Since these samples are replicates from the same biological sample, we can calculate the Jensen–Shannon divergence (JSD) on all pairs of long-read and short-read sample (10x4=40 pairs) for both long-read error models and we report the average JSD value. In addition, we calculate the JSD on all pairs of long-read quantification (within the same error model) to themselves (10x9/2=45 pairs) and finally on all pairs of short-read quantification (4x3/2=6).

We calculate the JSD values similar to the previous example in this tutorial the scipy package in python.

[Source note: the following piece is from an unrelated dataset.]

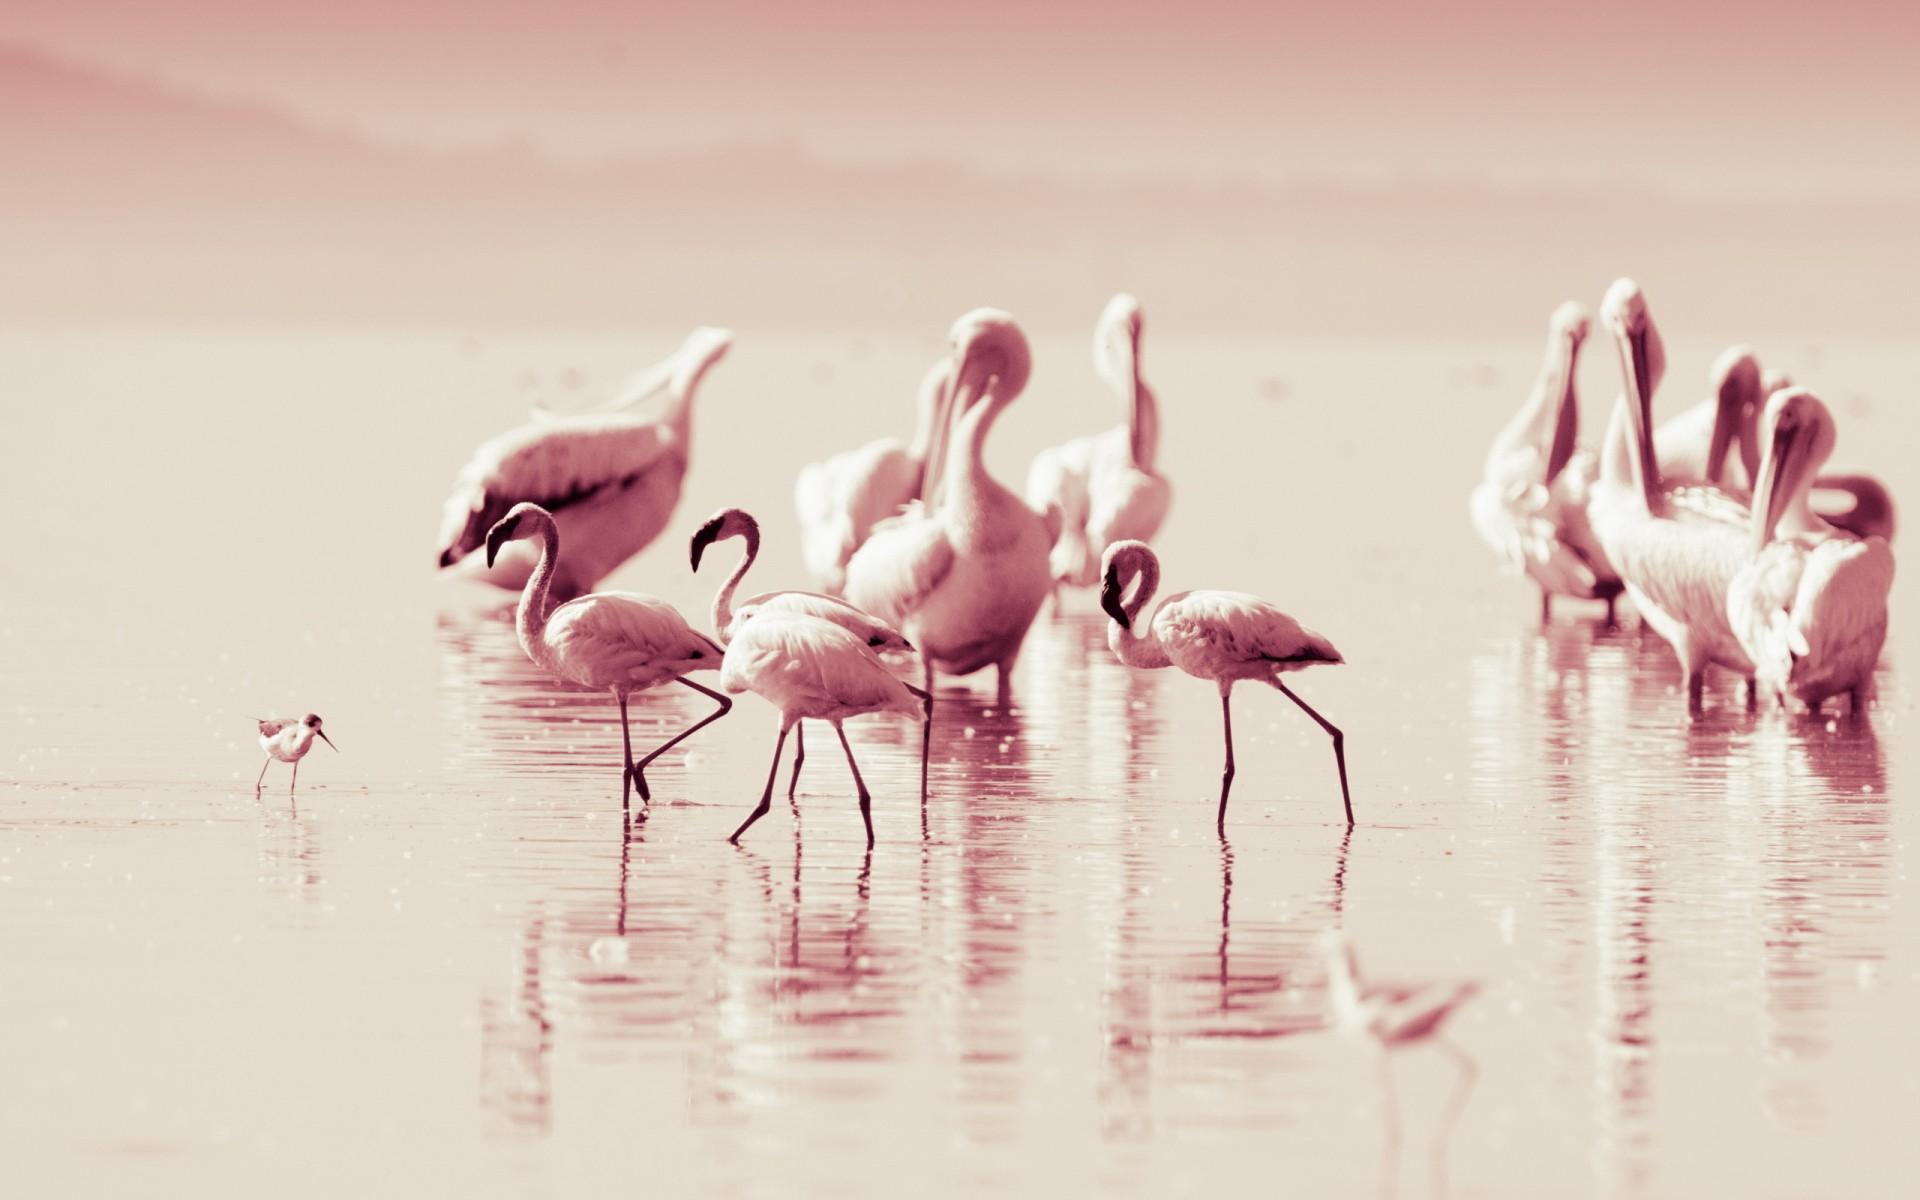 Www 3d Wallpaper Download Com Flamingo Lakes Reflection Water Pink Wallpaper 1920x1200

For any pair of quantification results, we first load the TPM values into qs1_data and qs2_data, and calculate the JSD value:

import sys
import pandas as pd
from scipy.spatial import distance

def load_quant(quant_fname):
	colnames = ['Name', 'Length', 'EffectiveLength', 'TPM', 'NumReads']
	data = pd.read_csv(quant_fname, sep='\t', header=0, names=colnames, nrows=92)
	print(data)
	return data.TPM.tolist()

def calc_jsd(quant1_fname, quant2_fname):
	qs1_data = load_quant(quant1_fname)
	print('Finished loading {} quant values.'.format(len(qs1_data)))
        
	qs2_data = load_quant(quant2_fname)
	print('Finished loading {} quant values.'.format(len(qs2_data)))

	jsd = distance.jensenshannon(qs1_data, qs2_data)
	return jsd

def usage():
	print('Usage:\npython {} quant1.sf quant2.sf'.format(sys.argv[0]))

def main():
	args = sys.argv[1:]
	if len(args) != 2:
		usage()
		exit(1)

	quant1_fname = args[0]
	quant2_fname = args[1]
	
	jsd = calc_jsd(quant1_fname, quant2_fname)
	print('JSD = {:.2f}'.format(jsd))
    
if __name__ == '__main__':
	main()

To run the python script above, save it as calc_jsd_qvq.py.

python calc_jsd_qvq.py SAMPLE1/quant.sf SAMPLE2/quant.sf

where SAMPLE1 and SAMPLE2 are two samples that you would like to compare.

The table below shows the average JSD value on the pairs explained above:

  No error model ONT error model Short reads
No error model 0.433 - 0.561
ONT error model - 0.393 0.547
Short reads 0.561 0.547 0.117

Note: Lower JSD values indicate more similar distributions.

Since these samples are all biologically the same, the ideal JSD would be zero, meaning that the quantification results are identical. Typically, the short reads have higher accuracy and would result in more accurate quantification and as you can see in the table, short reads show significantly lower JSD within themselves compared to long reads. When looking at long read results, the ONT error model illustrates lower JSD within themselves and also when compared to short reads. Thus, ONT error model provides better results while processing ONT long read samples using Salmon.